""En esta penumbra, donde las rosas de seda se deshojan..."


"En esta penumbra, donde las rosas de seda se deshojan lentamente sobre un amor alado y femenino que besa a Psiquis tocándola apenas, mientras con la punta del pie desnudo le hace señas que la sonrojan y ella voltea sorprendida (tan francés, tan cursi) creo que sí te quiero [demasiado], pero con el amor de los que ya no esperan mucho, de los que no exigen pasiones ni amores incandescentes. Te quiero de una manera distinta: no pienso en ti noche y día, no me quitas el sueño; pero son muchos los detalles minúsculos que me hacen pensar en ti, siempre amablemente, tiernamente. A pesar de que no es el mío ese amor ardiente para el cual es un sufrimiento insoportable la ausencia, creo que sí te necesito por lo menos dos días a la semana [tal vez yo tres]. No sé si será mejor esto que esas pasiones tan esperadas, tan deseadas, pero tan fugaces que terminan siempre dejándonos convencidos de que, en realidad, no existieron nunca más que en nuestro deseo [o quizá únicamente en el mío], en nuestra necesidad y urgencia; y como no existen, o no llegan, las creamos [las creé].

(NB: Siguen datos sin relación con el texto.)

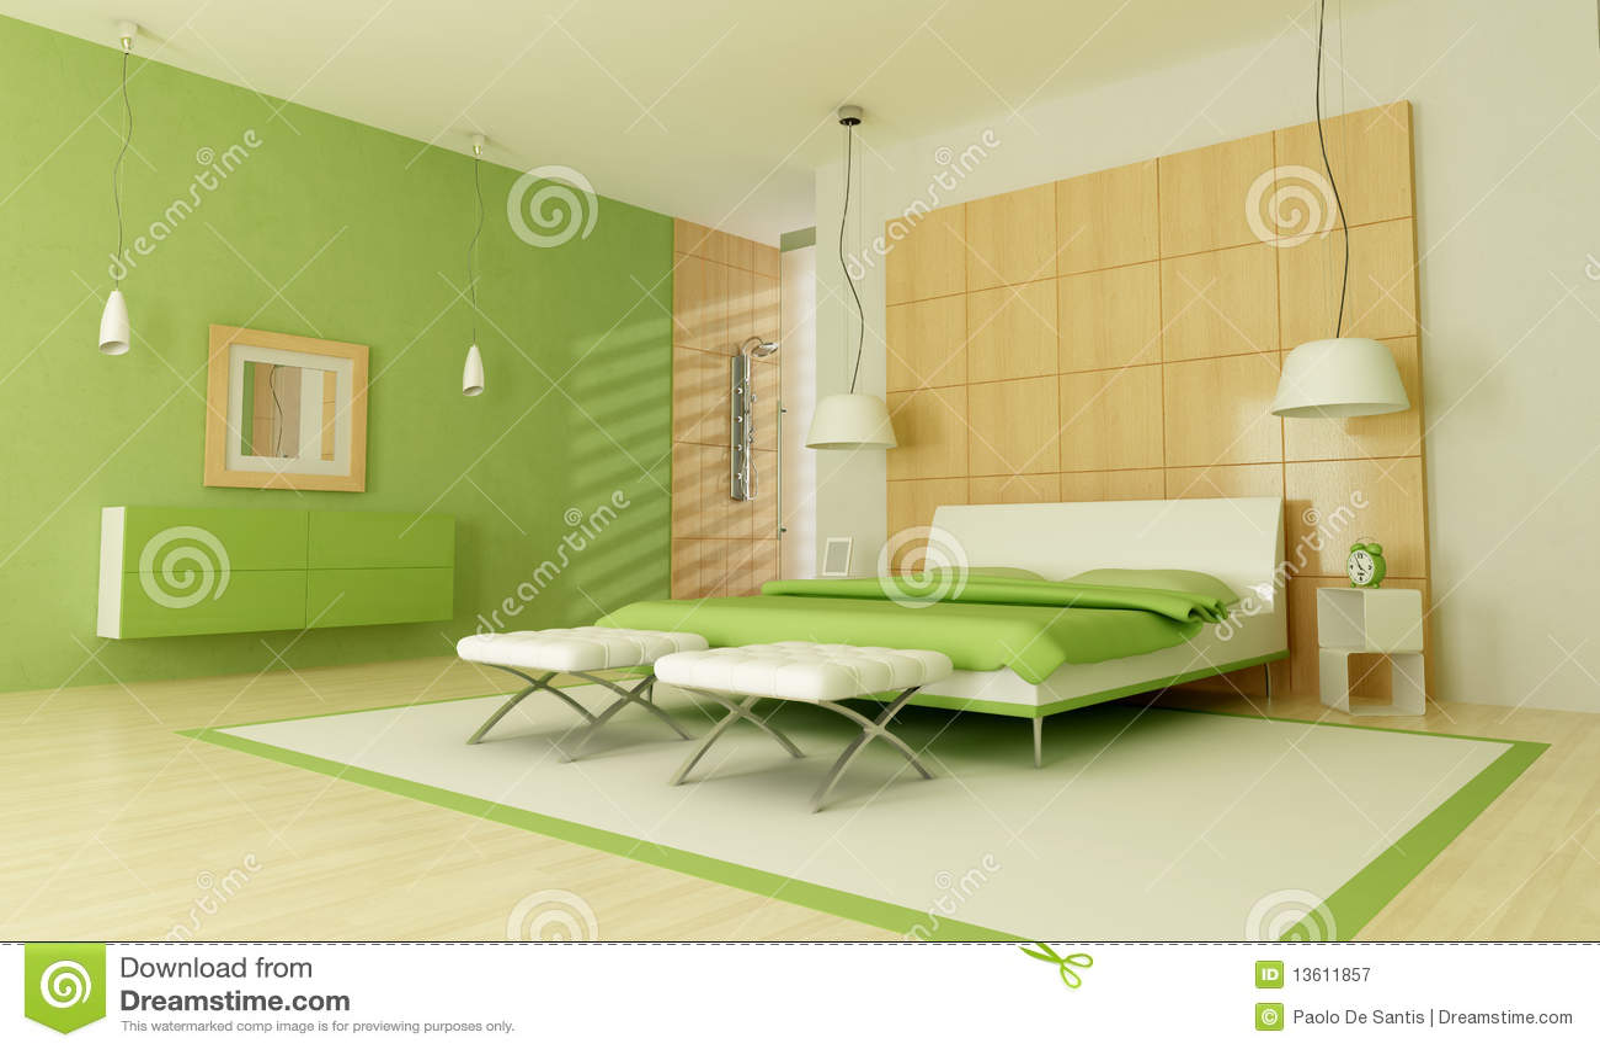 Chambre coucher moderne verte photographie stock libre for Chambre libre

A veces creo que es muy triste encontrar por pedazos lo que se busca: el cuerpo deseado, la cara imaginada, los ojos, la boca; la inteligencia esperada, los gustos compartidos, la intensidad en la relación mutua, la respuesta [la que nunca existió y nunca existirá]. Es triste descubrir que cada aspecto corresponde a una persona distinta. ¿Estaremos condenados a ser perpetuamente promiscuos?"